I want handle some ambiguities in dypgen. I found something in the manual, that I want to know, how I can use that.
In the manual point 5.2 "Pattern matching on Symbols" there is an example:
expr:
| expr OP<"+"> expr { $1 + $2 }
| expr OP<"*"> expr { $1 * $2 }
OP is matched with "+" or "*", as I understand. I also find there:
The patterns can be any Caml patterns (but without the keyword when).
For instance this is possible:
expr: expr<(Function([arg1;arg2],f_body)) as f> expr
{ some action }
So I tried to put there some other expressions, but I dont understand, what happens. If I put in there printf it outputs the value of the matched string. But if I put in there (fun x -> printf x), that seems to me the same as printf, dypgen complains about a syntax error and points to the end of the expression. If I put Printf.printf in there, it complains about Syntax error: operator expected. And if I put there (fun x -> Printf.printf x) it says: Lexing failed with message: lexing: empty token
What do these different error-messages mean?
In the end I would like to look up something in a hashtable, if the value is in there, but I don't know, if it is possible this way. Is it or isn't it possible?

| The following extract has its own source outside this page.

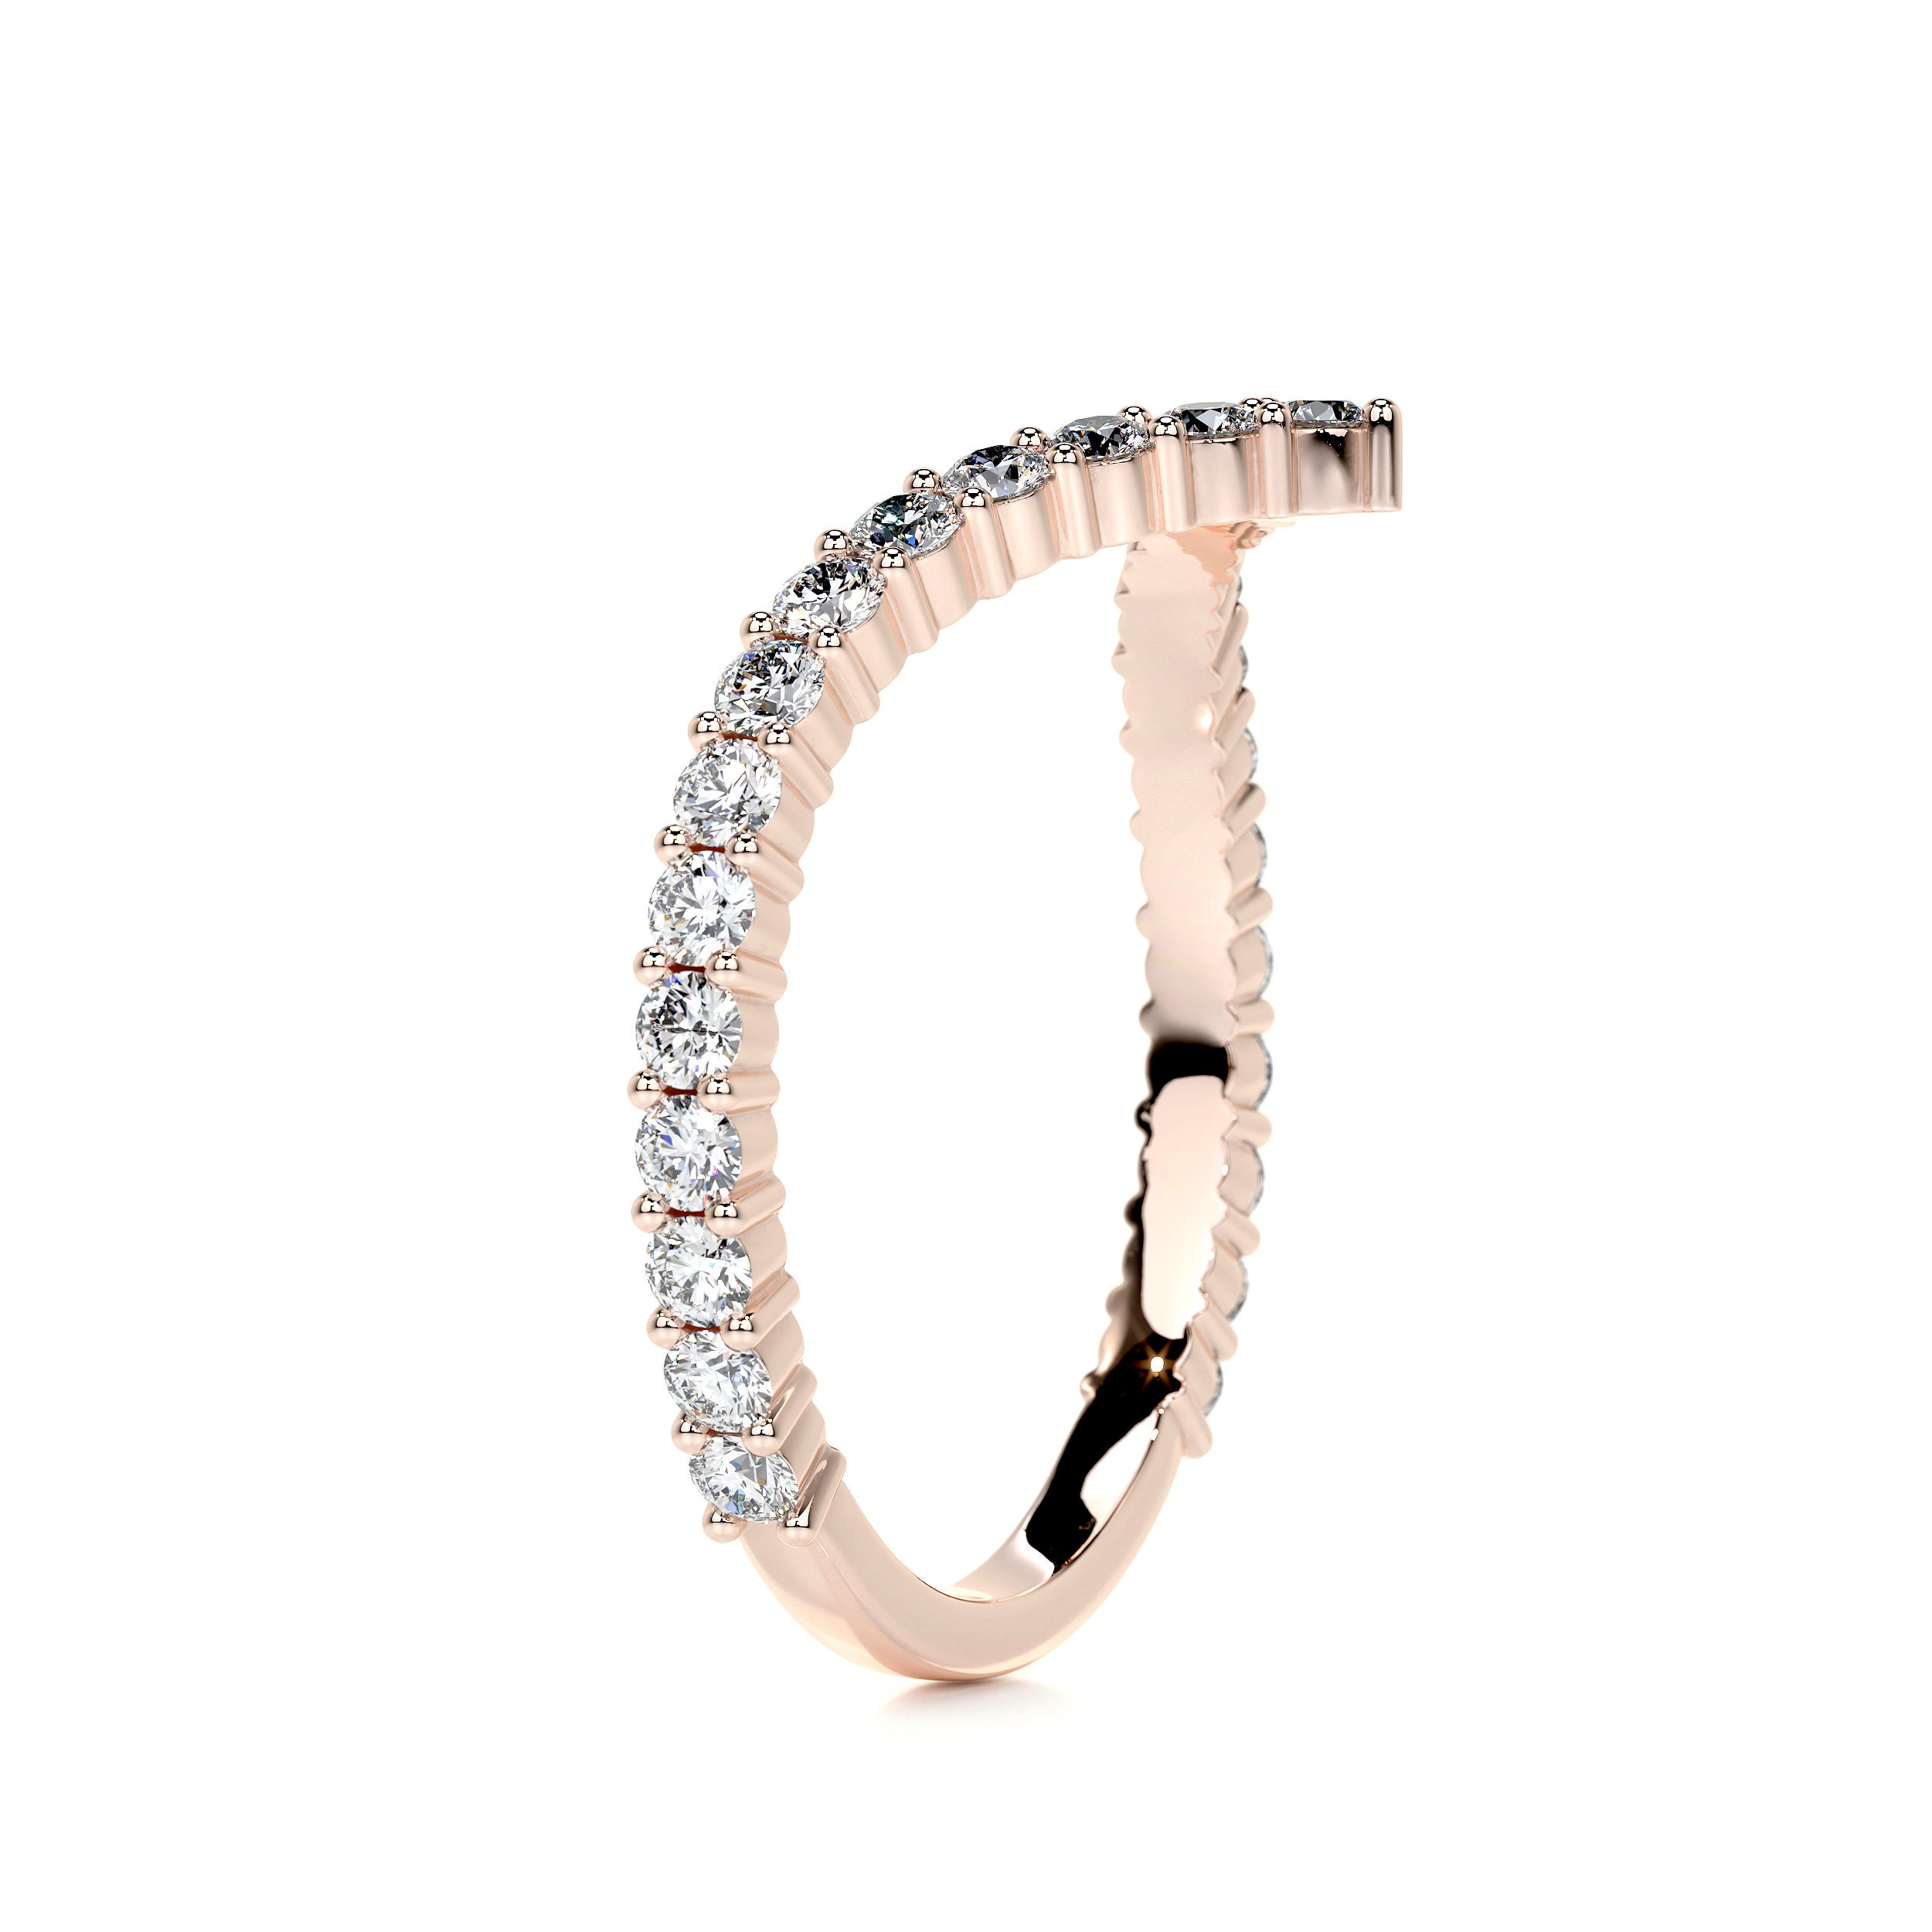 Dawn Diamond Wedding Ring   (0.50 Carat) -14K Rose Gold

EDIT: A minimal example derived from the forest-example from the dypgen-demos.
The grammarfile forest_parser.dyp contains:
{
open Parse_tree
let dyp_merge = Dyp.keep_all
}
%start main
%layout [' ' '\t']
%%
main : np "." "\n" { $1 }
np:
| sg {Noun($1)}
| pl {Noun($1)}
sg: word <Word("sheep"|"fish")> {Sg($1)}
sg: word <Word("cat"|"dog")> {Sg($1)}
pl: word <Word("sheep"|"fish")> {Pl($1)}
pl: word <Word("cats"|"dogs")> {Pl($1)}
/* OR try:
sg: word <printf> {Sg($1)}
pl: word <printf> {Pl($1)}
*/
word:
| (['A'-'Z' 'a'-'z']+) {Word($1)}
The forest.ml has the following print_forest-function now:
let print_forest forest =
let rec aux1 t = match t with
| Word x
-> print_string x
| Noun (x) -> (
print_string "N [";
aux1 x;
print_string " ]")
| Sg (x) -> (
print_string "Sg [";
aux1 x;
print_string " ]")
| Pl (x) -> (
print_string "Pl [";
aux1 x;
print_string " ]")
in
let aux2 t = aux1 t; print_newline () in
List.iter aux2 forest;
print_newline ()
And the parser_tree.mli contains:
type tree =
| Word of string
| Noun of tree
| Sg of tree
| Pl of tree
And then you can determine, what numeri fish, sheep, cat(s) etc. are.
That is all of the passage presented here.